(Di Paolo Scarpino)
La conclusione della stagione apistica indica alcune priorità da affrontare come la crescente perdita di biodiversità e il cambiamento climatico: azioni importanti per la salvaguardia delle api, della salute umana e dell’ambiente. Le api, nella loro sensibilità, rafforzano l’improrogabile bisogno di un cambiamento radicale nell’approccio e nelle dinamiche di interazione con il creato verso pratiche ecosostenibili e solidali. Lasciarci guidare, come per le api, dalla necessaria esigenza di far fronte a un duplice compito: la salvaguardia congiunta delle nostre vite e della natura.
L’entrata in vigore nel marzo 2020 di misure restrittive per contenere lo sviluppo della pandemia ha incentivato una ripresa delle attività vegetative spontanee, una sanificazione dell’aria e degli ambienti troppo spesso antropizzati. Le api finalmente hanno potuto sorridere! Da anni in ambienti urbani e rurali non conoscevano quella libertà di movimento e impollinazione riacquistando così, durante i mesi di chiusura, spazio e forza: alveari ben popolati, scorte di miele, vivacità.

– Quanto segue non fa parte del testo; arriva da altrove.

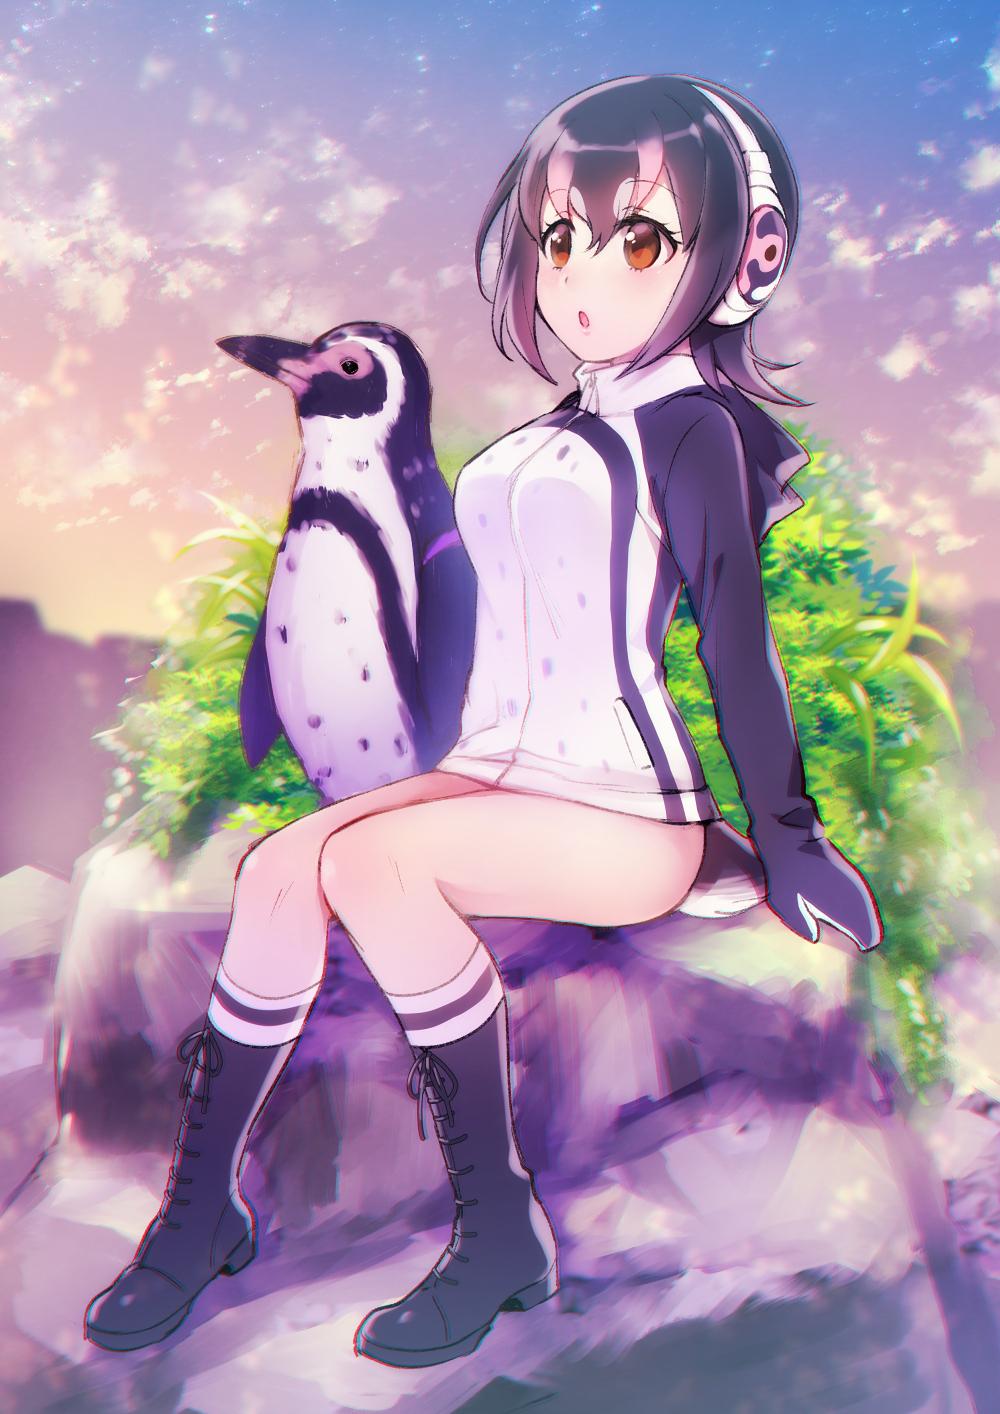 e926 animal_humanoid avian avian_humanoid bird black_hair duo female feral grape-kun hair humanoid humboldt_penguin humboldt_penguin_(kemono_friends) kemono_friends male orange_eyes outside penguin ねめ
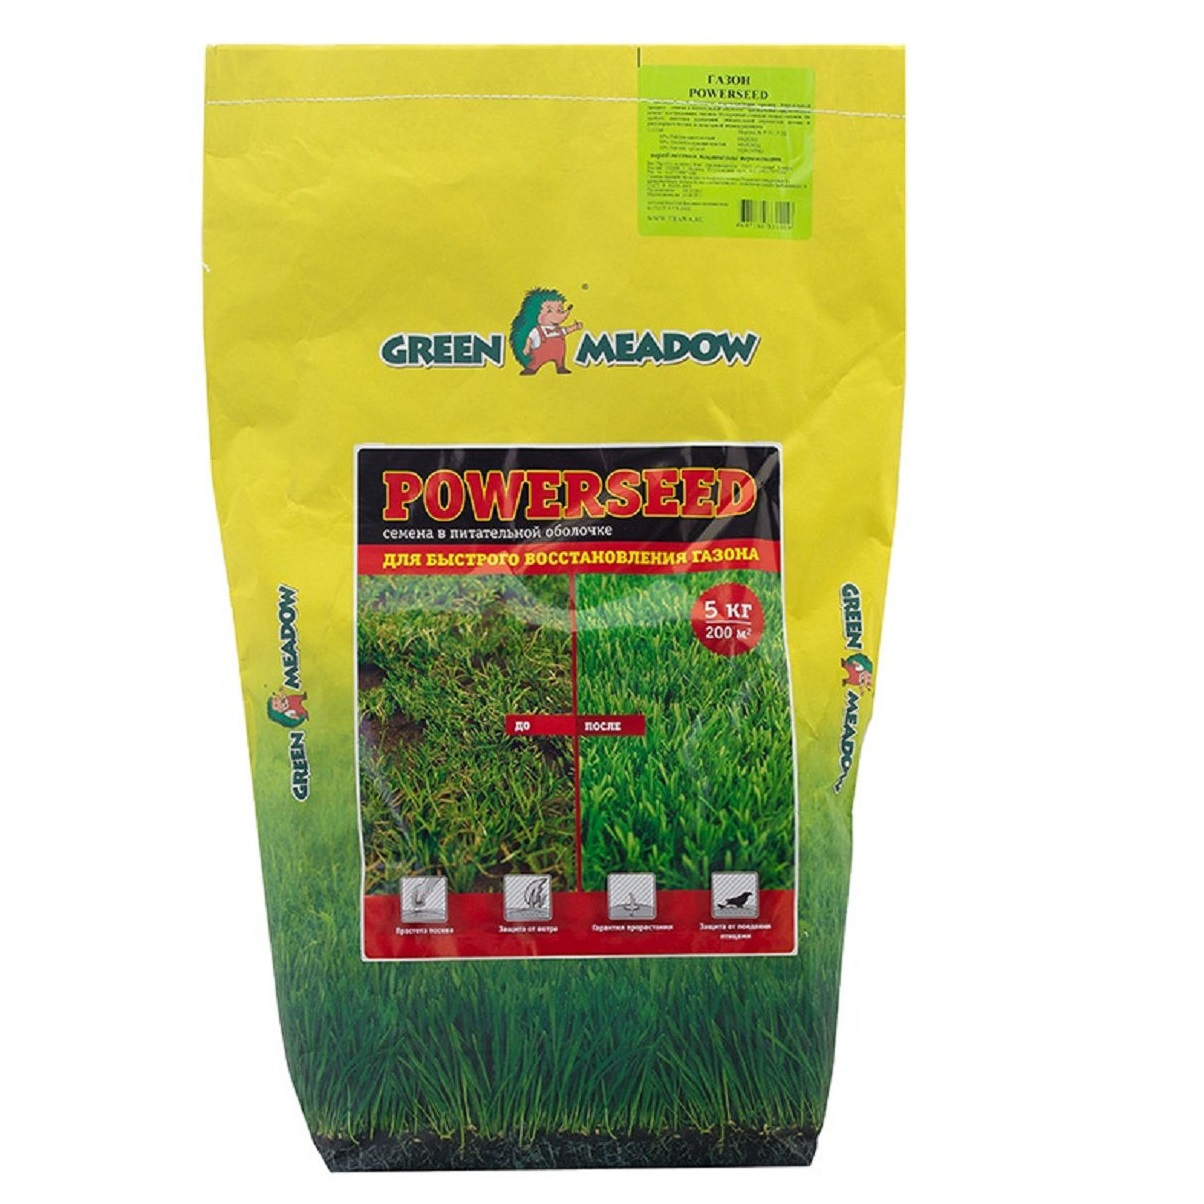 Газон Green Meadow powerseed быстрый ремонт 5 кг

L’interruzione improvvisa dovuta all’interazione tra la riapertura dalle restrizioni (ripresa attività antropica e sue nefaste azioni) con gli ormai consueti stravolgimenti climatici improvvisi, hanno condotto interi alveari nuovamente a stress, spopolamenti, mortalità. Il recente rapporto FAO ci invita nuovamente a riflettere: “Compromettere la fertilità del suolo limita lo sviluppo di farmaci e vaccini”. Dimensioni vaste di un problema esploso da tempo: crisi climatica e erosione dei suoli (ogni anno scompaiono 24 miliardi di suolo fertile), abusi della chimica in agricoltura, incendi, deforestazione. L’attuale crisi pandemica ancora non basta per renderci conto dell’urgenza di comprendere lo stretto legame tra salute ambientale, salute del suolo e salute umana. Nel dopo chiusura gli spazi sono tornati alla normale gestione: massicci utilizzi della chimica e interventi meccanici di gestione delle aree verdi e agricole hanno visto vanificare l’intento della natura di riprendersi i suoi spazi.
L’intervento dell’uomo continua a essere una minaccia e il ruolo delle api, nella salvaguardia della biodiversità ambientale e alimentare, viene così nuovamente offuscato. La pandemia ha provocato un ritorno a una normalità più povera, a maggiori emergenze economiche e sociali, all’assenza totale di riferimenti culturali e spirituali, nell’incapacità di comprendere nel profondo le “fragilità”. Nessun investimento importante per la transizione ecologica delle attività produttive e della gestione delle aree verdi, la pandemia non ha smosso e sollecitato un’inversione di pensiero. La relazione tra covid19 e cambiamento climatico si esprime nei conflitti ecologici che minacciano le nostre vite come il consumo di suolo, il mancato investimento sulla biodiversità, l’inquinamento, l’agricoltura intensiva, l’urbanizzazione selvaggia. Co-fattori che di fatto rendono le nostre vite molto più fragili.
Il virus non ci ha migliorato: ha amplificato le disuguaglianze sociali e culturali, ci ha reso soli, apatici, distanti,incapaci di credere al bene collettivo piuttosto che individuale. Le api ci domandano a gran voce se esiste una giustizia animale, sociale, ecologica e ci invitano ad evitare gli errori di sempre, a cooperare per far sì che il bene comune, lo stesso bene per il quale loro operano tutti i giorni senza chiederselo, venga tutelato. Gli animali e i prodotti della terra devono tornare la misura del nostro essere e l’impegno delle laboriose api un richiamo al rispetto della terra. Tornino al più presto le api a volare e sorridere! Pensavamo di essere sani in un mondo malato, ora rischiamo di essere malati in un mondo che non esiste più con l’urgenza di una transizione verso una società migliore per non “finire lessati nelle nostre vasche”. Un granello di sapienza vale più di tutte le ricchezze della terra e il dono del discernimento può aiutarci a comprendere ciò che trasmette valori da ciò che incita a perseverare nell’errore e nel male.